I bought a nicely maintained '01 LC4 Enduro from a fellow who was a weight nut and had stripped everything he could from it, including the starter. That did not suit me, but he said all the parts were in the box and that it had been working fine when he stripped it. It kick-starts and runs fine.

Today I reinstalled the starter. I'm pretty sure I found the proper electrical connection---a small cylinder beside the battery, with a thick but vacant connector post that fit the cable from the starter and which was covered with a rubber cap just to keep it from grounding. From looking at the parts manual, it looked correct.


But nothing happens whan I press the starter button. Zip. No clicking or humming or anything. I tried holding in the clutch in case it's one of those setups, but nada. Fiddled with the engine kill switch, and checked all the fuses--still nothing.

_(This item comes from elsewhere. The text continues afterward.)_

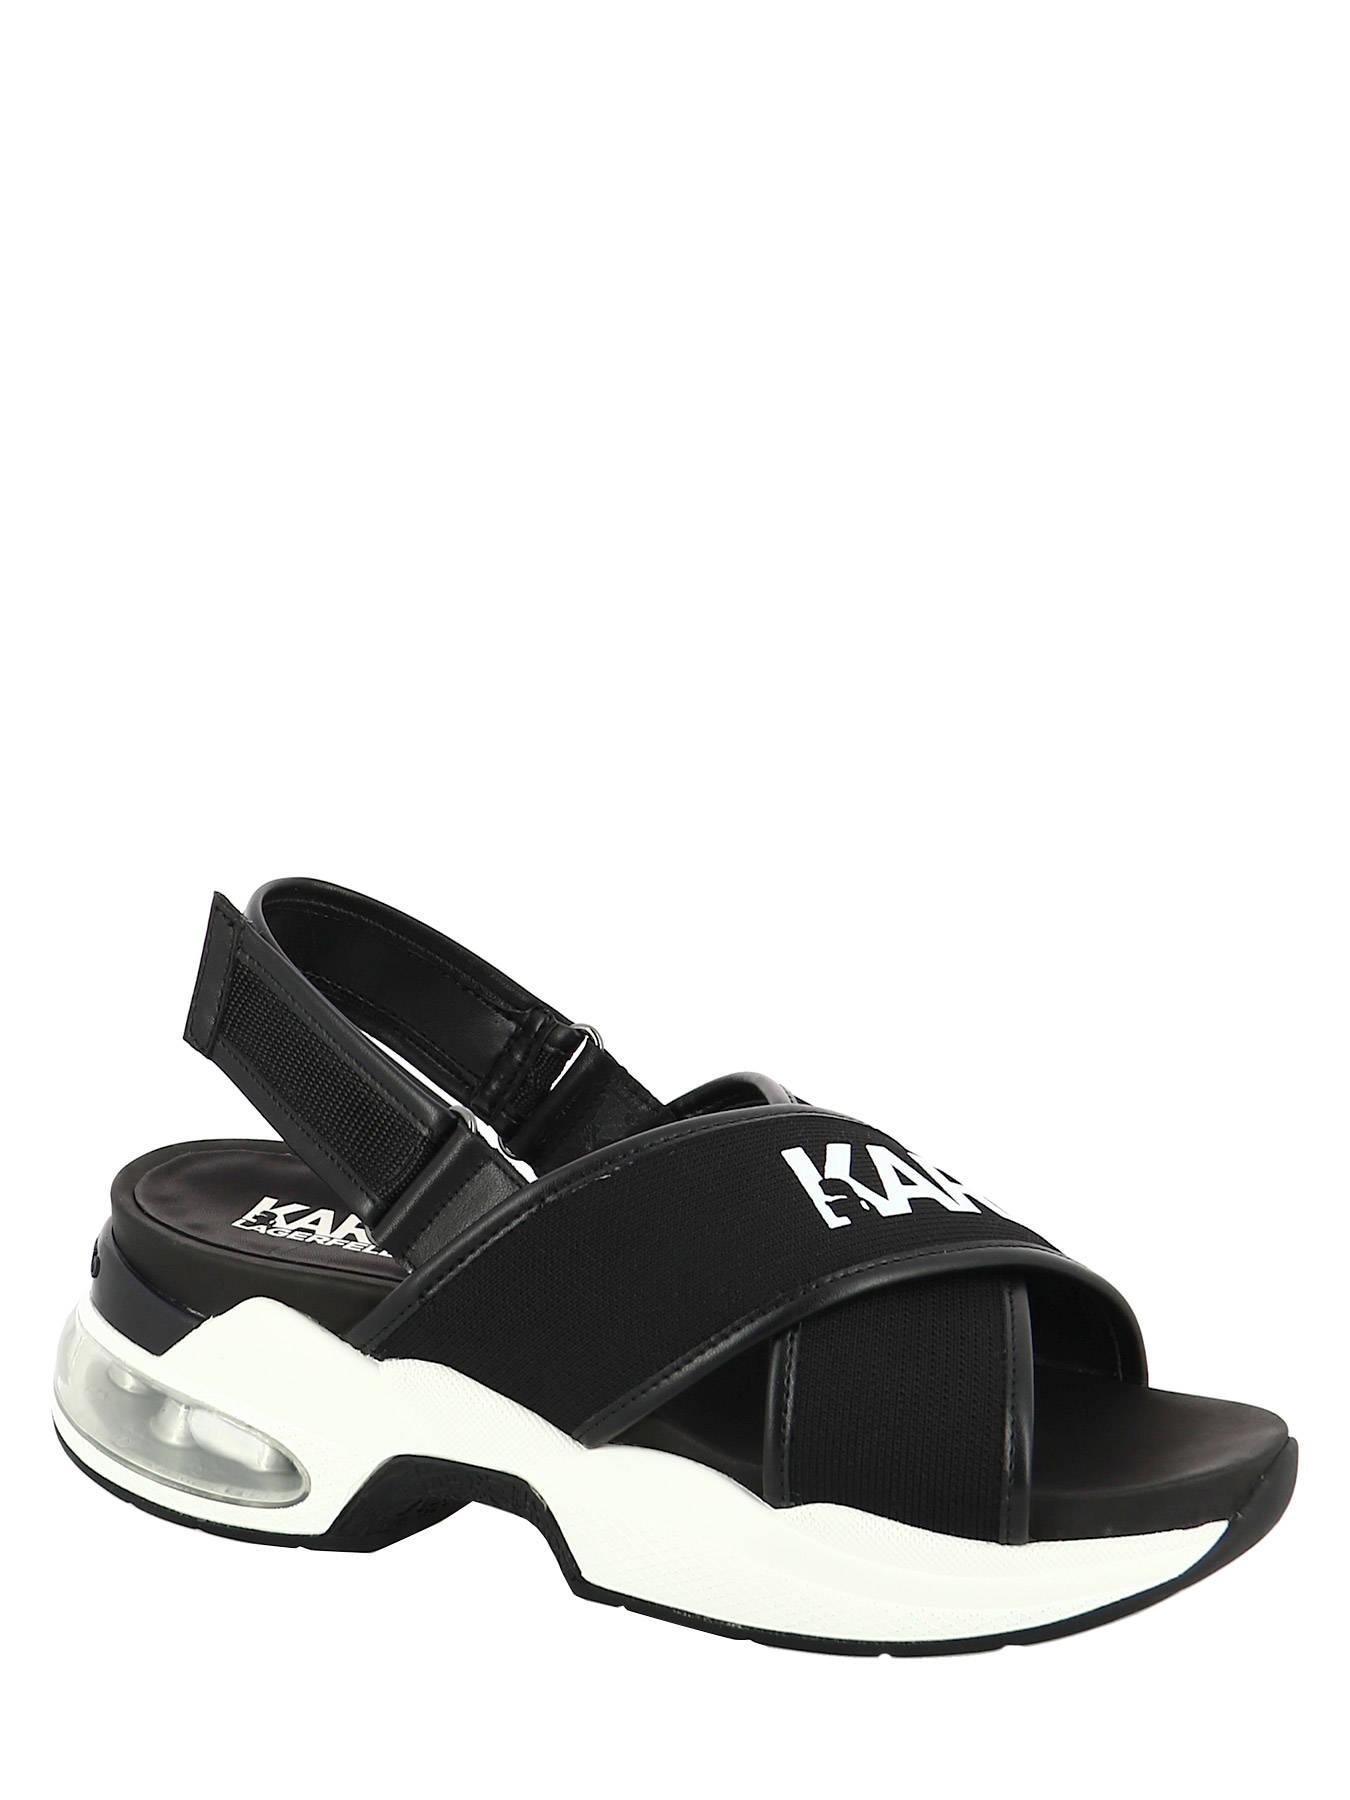 Karl Lagerfeld Sandals/flip-flops

He did take off some other wiring, including the neutral indicator light (he said the wire looked 'vulnerable' in its exposed position). I think he may have also removed the down-kickstand---no-start wiring setup. I'm wondering if maybe taking off some of that other wiring might have messed up the e-start?


Any clues? I did see a couple of of disconnected wires under the headlight cover, but could find nothing that they might have come loose from.

I'm no electrical wizard---could I test the starter by taking it back off and reversing it---leaving it bolted down pointed the wrong way (to be grounded), and then just pushing the cable end against the positive battery terminal to see if it spins?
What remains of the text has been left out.